13)* TCM* - Transmission Control Module.
14)* UPA* - Parking Assist Control Module.


----------



## obermd (Mar 3, 2012)

Not only is the car an example of distributed computing, but the cars themselves are distributed all over the planet. Can anyone say "Skynet?"


----------



## XtremeRevolution (Jan 19, 2012)

I would not at all mind being able to program my radio...


----------



## obermd (Mar 3, 2012)

XtremeRevolution said:


> I would not at all mind being able to program my radio...

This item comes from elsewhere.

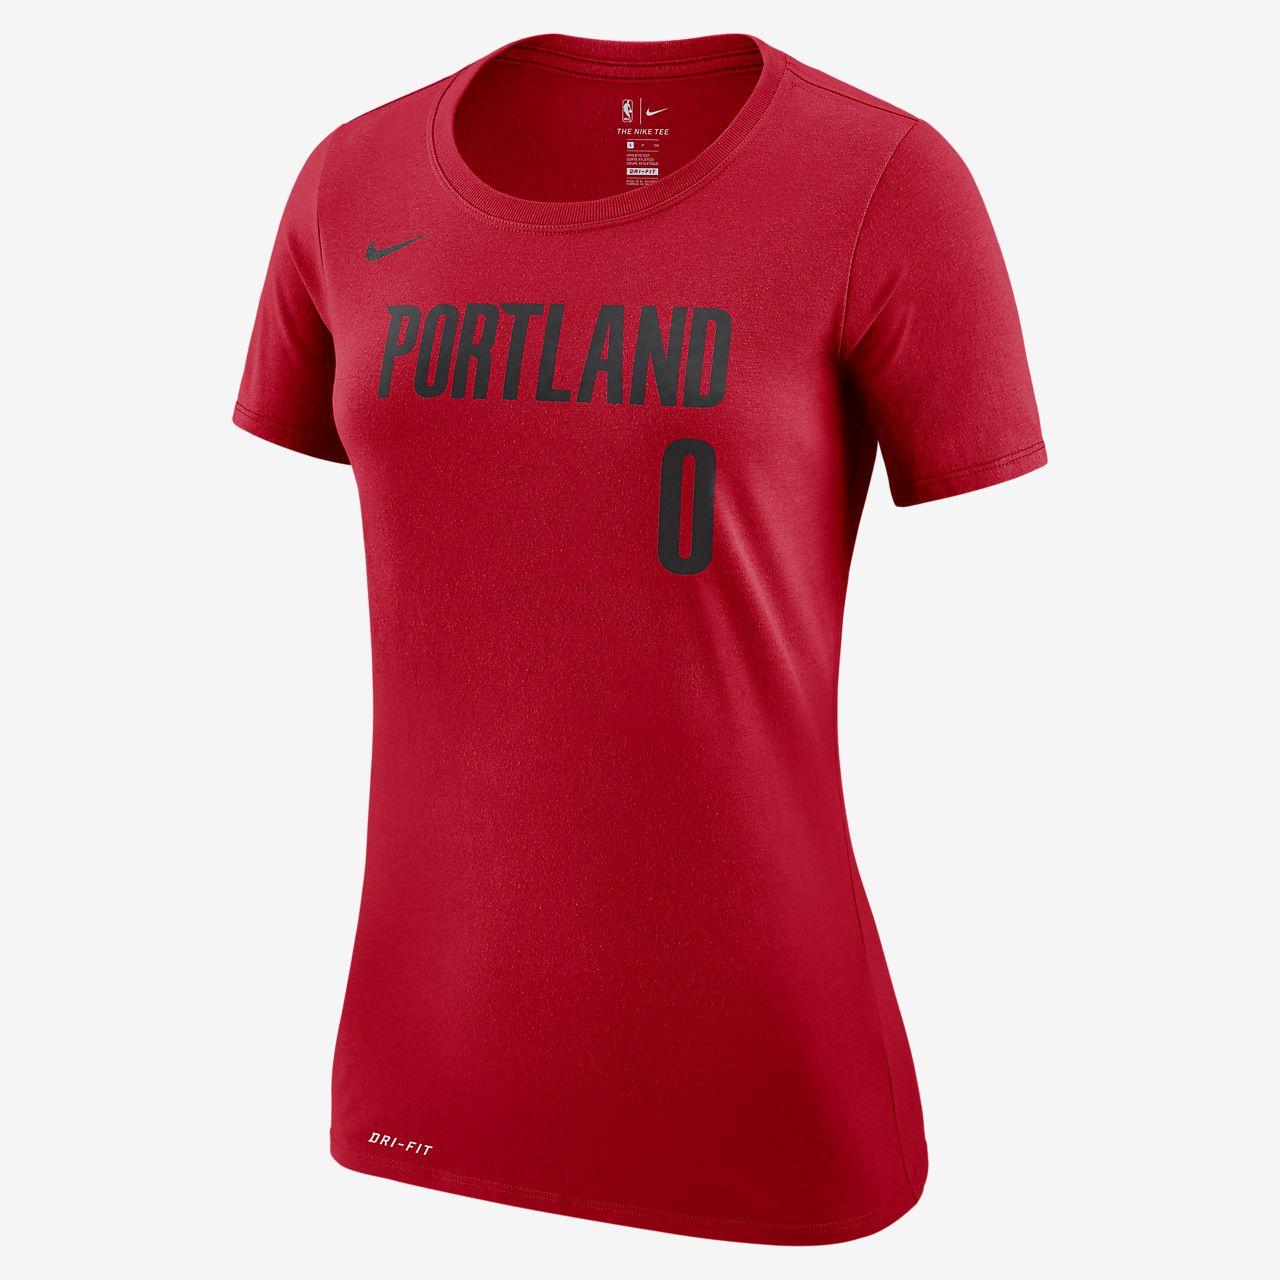 Portland Trail Blazers Media Guide: Damian Lillard Portland Trail Blazers Nike Dri-FIT Women's

Agree - I'd really like to get the full AUX function via BlueTooth.


----------



## 115 (Nov 12, 2010)

RAD and IPC are the ones I would like to have access to...


----------



## obermd (Mar 3, 2012)

I'd like to have access to *EBCM* to reduce the stabilitrak sensitivity.


----------



## 70AARCUDA (Nov 14, 2010)

...how do we entice *Stacy* to pass these comments back up to GM without getting in the 'way' of her _primary_ *Customer Service "*directive"?


----------



## Chevy Customer Care (Oct 29, 2011)

70AARCUDA said:


> ...how do we entice *Stacy* to pass these comments back up to GM without getting in the 'way' of her _primary_ *Customer Service "*directive"?




70AARCUDA,
I would be happy to pass along any information that you guys would like me to. I am here to help you guys in any way that I can! Please excuse my ignorance to this topic; but what specific information would you like me to pass along for you? I look forward to hearing back from you. 
Thank you,
Stacy Chevrolet Customer Service


----------



## XtremeRevolution (Jan 19, 2012)

Chevy Customer Service said:


> 70AARCUDA,
> I would be happy to pass along any information that you guys would like me to. I am here to help you guys in any way that I can! Please excuse my ignorance to this topic; but what specific information would you like me to pass along for you? I look forward to hearing back from you.
> Thank you,
> Stacy Chevrolet Customer Service


There are various modules inside the car that are programmed to perform certain functions. The programming or customization of these modules is limited to firmware updates that can only be done by an individual who

A. has access to the firmware updates via a GM site
B. has a Tech2 tool with which to hook up to the car to flash the new firmware

My (and many other peoples') biggest concern is the fact that the door chime volume cannot be reduced. On the factory radio, this is fine, but those of us who have opted to upgrade our sound systems (and within very good reason, the stock radio is terrible) end up with a very loud door chime and turn signal clicker. A few more customization options in the radio certainly would not hurt.


----------



## stodge (Jul 20, 2012)

Ask the GM engineers to make sure that these computers are secure and cannot be hacked from outside the vehicle!


----------



## obermd (Mar 3, 2012)

stodge said:


> Ask the GM engineers to make sure that these computers are secure and cannot be hacked from outside the vehicle!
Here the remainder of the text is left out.